Many Downloads with gatoRs

Due to GBIF’s API timeout error, if you want to download a bunch of records for a bunch of species, you have to you have to add a retry in your download loop. Here we demonstrate how to add a retry with the gatoRs::gators_download() function.

# Load packages
library(gatoRs)

Retry Function

This is a modified function from JT Miller. Here you have a nameset which is a list of lists (see below), an ith value, and the retry count. Note, here failed_name_holder must be defined outside of the function.

# Build a retry_downloader function that proceeds to try if an API error occurs
failed_names_holder <- list() 
retry_download <- function(nameset, i, retry_count) {
  if(retry_count >= 11) { # Allow up to 11 attempts
    failed_names_holder[[i]] <<- c(nameset[[i]][1], 
                                   "Maximum retries exceeded", 
                                   format(Sys.time(), "%a %b %d %X %Y")) 
    return(NULL) # Null otherwise 
  } 
  tryCatch({
    gators.download <- gatoRs::gators_download(synonyms.list = nameset[[i]], 
                                              write.file = TRUE, 
                                              filename = paste0("data/", 
                                                                gsub(" ", "_", nameset[[i]][1]), ".csv"))
    return(gators.download) # Return the gators.download
  },
  error = function(e) { # create error report
    if (e$message != "No records found.") { # If errors besides the following occurs, retry
      Sys.sleep(retry_count*30)  
      print(paste("Download attempt", retry_count + 1, "for", nameset[[i]][1], 
                  "failed.
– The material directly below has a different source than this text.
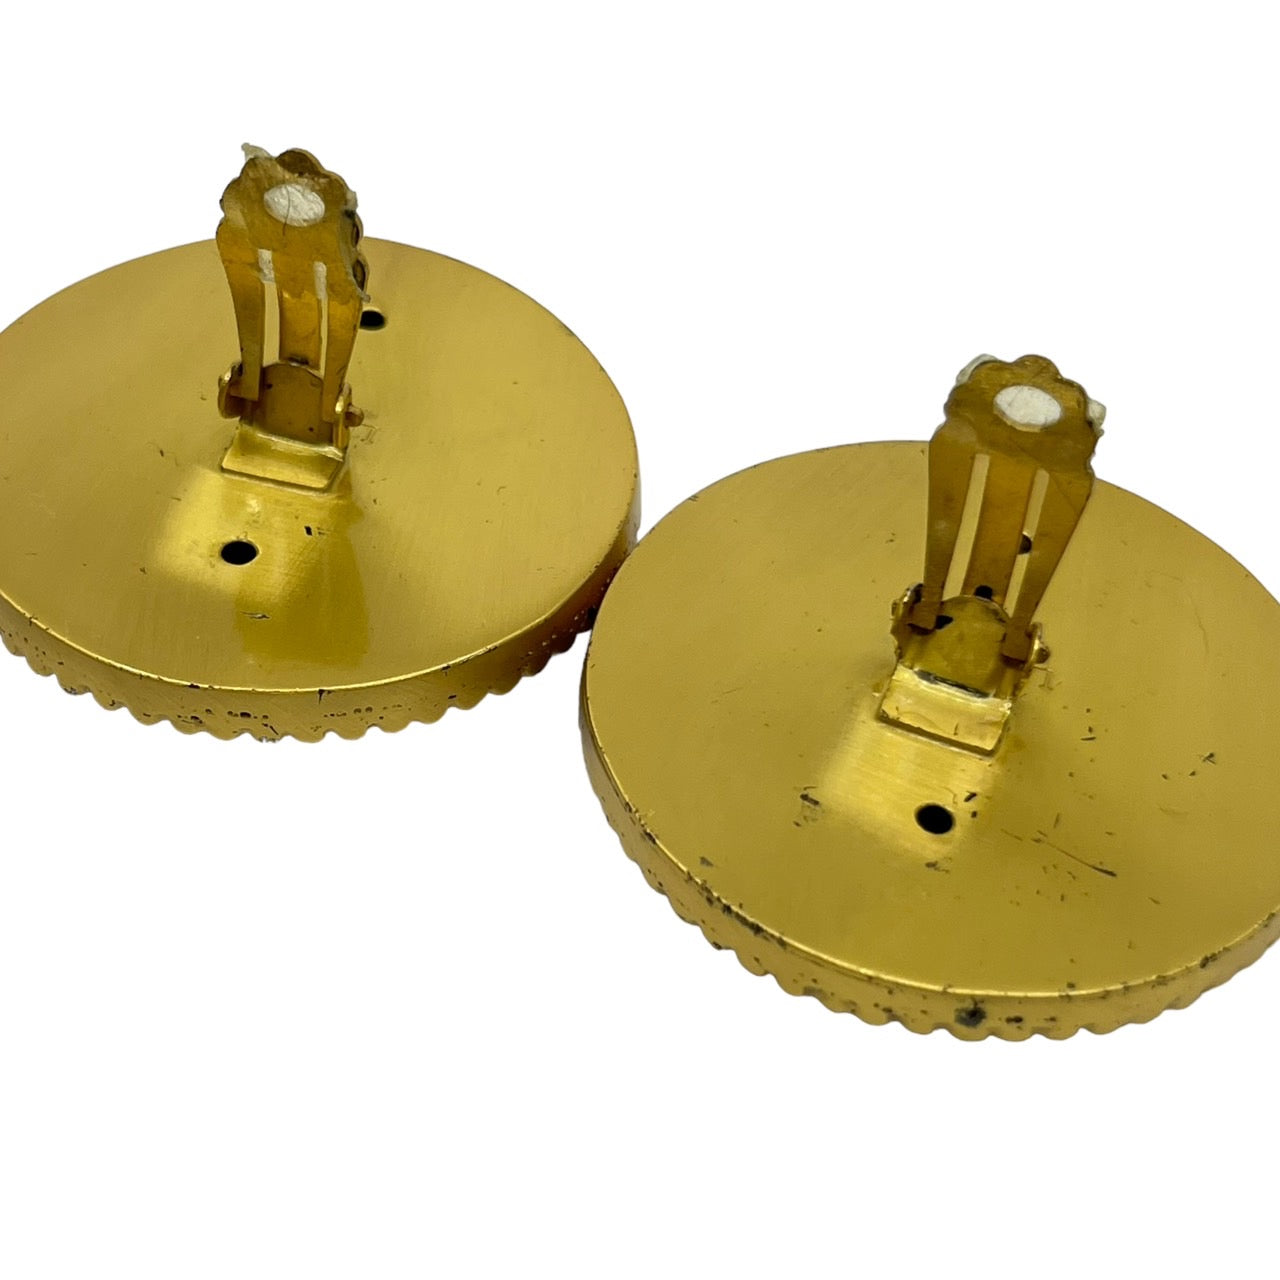 LOEWE(ロエベ) vintage circle gold earrings/ヴィンテージサークルゴールドイヤリング/丸/大ぶり ゴールド 刻印925
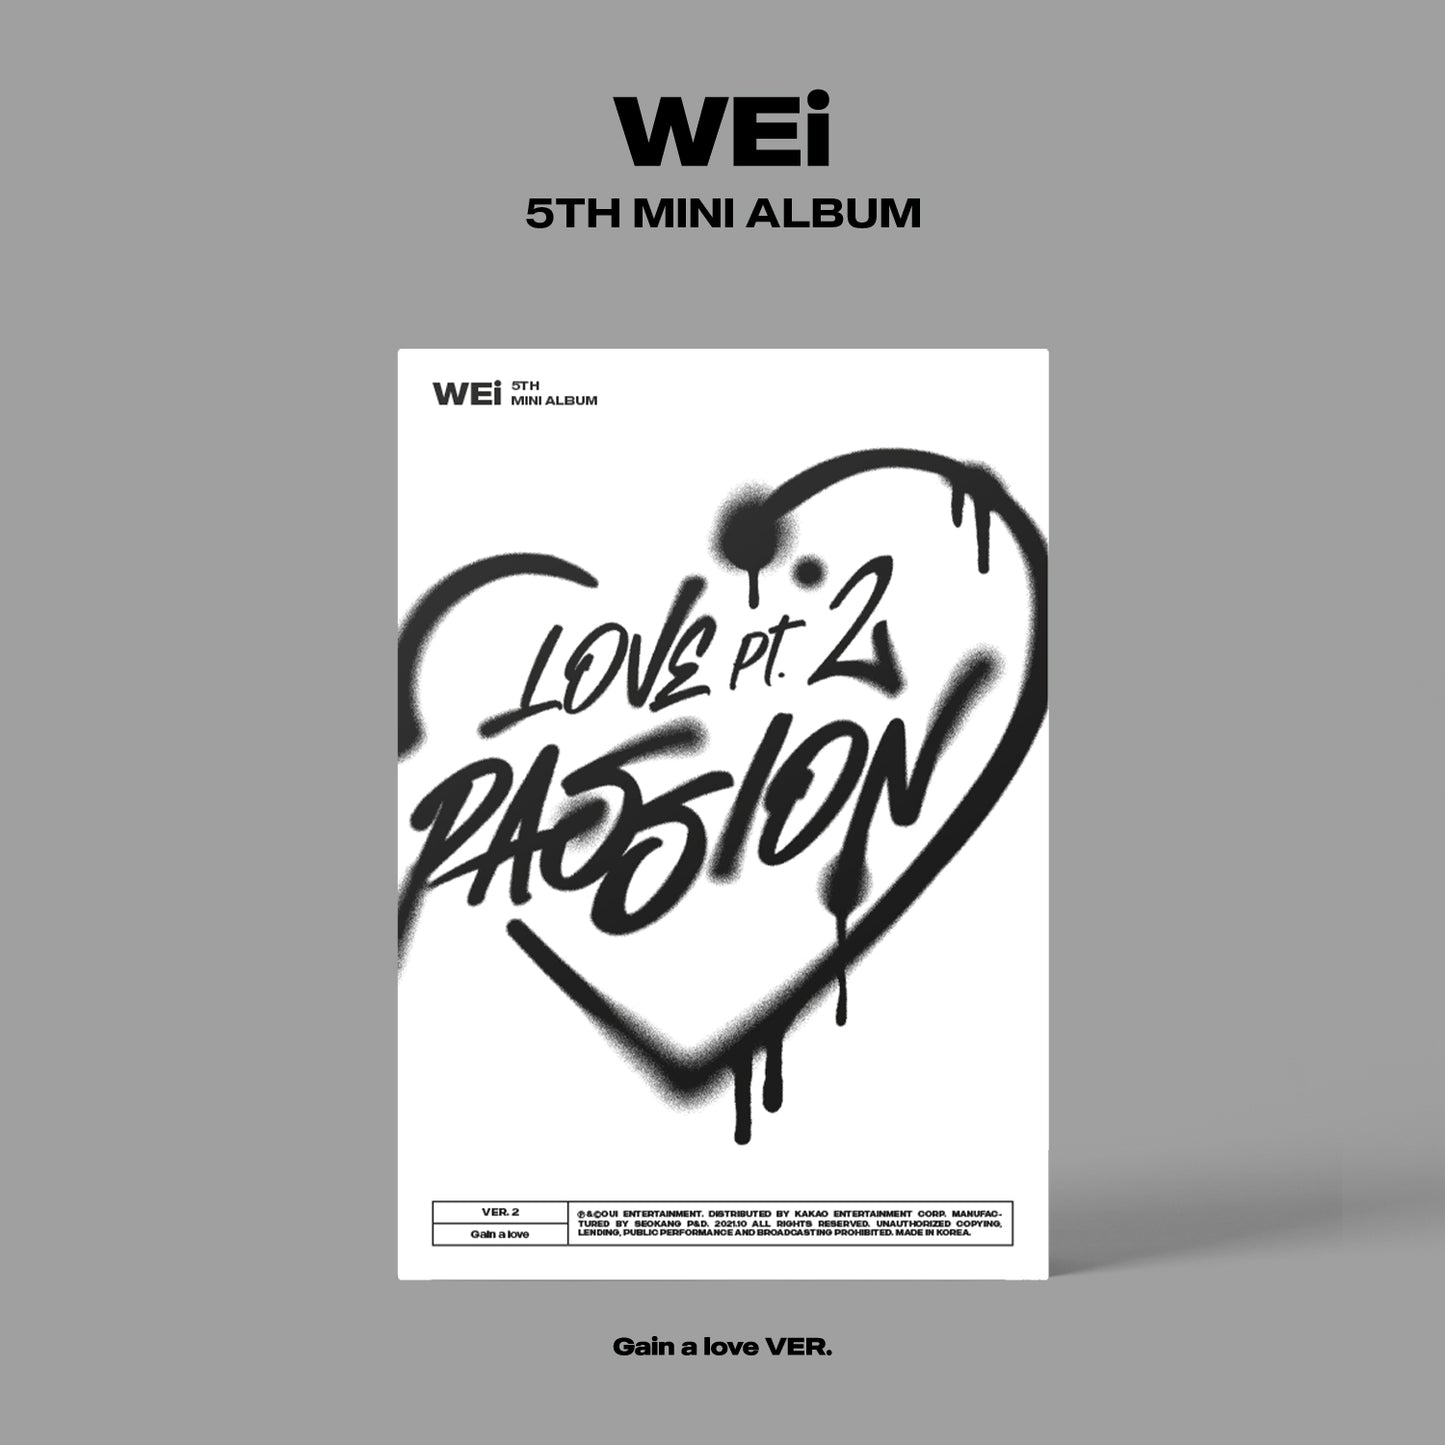 WEi - 5TH MINI ALBUM [LOVE PT.2 : PASSION] (3 VERSIONS)

Retrying with delay", print(retry_count*30), "second delay"))
      return(retry_download(nameset, i, retry_count + 1))  # Retry the download
    } else {
     failed_names_holder[[i]] <<- c(nameset[[i]][1], e, format(Sys.time(), "%a %b %d %X %Y"))
      return(NULL)
    }
  })
  
}

Use the Retry Function

Here we define a namelist where the 1st object is the accepted name. We then use the retry function to download. If the failed_name_holder includes any lines, we then inspect this list.

name_list <- list(Shortia_galacifolia = c("Shortia galacifolia", 
                                            "Sherwoodia galacifolia"),
                  Galax_urceolata = c("Galax urceolata", 
                                      "Galax aphylla"),
                  Pyxidanthera_barbulata = c("Pyxidanthera barbulata",
                                             "Pyxidanthera barbulata var. barbulata"),
                  Pyxidanthera_brevifolia = c("Pyxidanthera brevifolia", 
                                              "Pyxidanthera barbulata var. brevifolia"))



for(i in 1:length(name_list)){
   retry_download(name_list, i, 0) # 0 initializes the download count
}

## Inspect failed names
failed_names_table <- as.data.frame(do.call(rbind, failed_names_holder)) # unpack the f
if(length(failed_names_table) > 0){
  colnames(failed_names_table)[1] <- "name" # Assign column headers
  colnames(failed_names_table)[2] <- "errorType"
  colnames(failed_names_table)[3] <- "systemTime"
}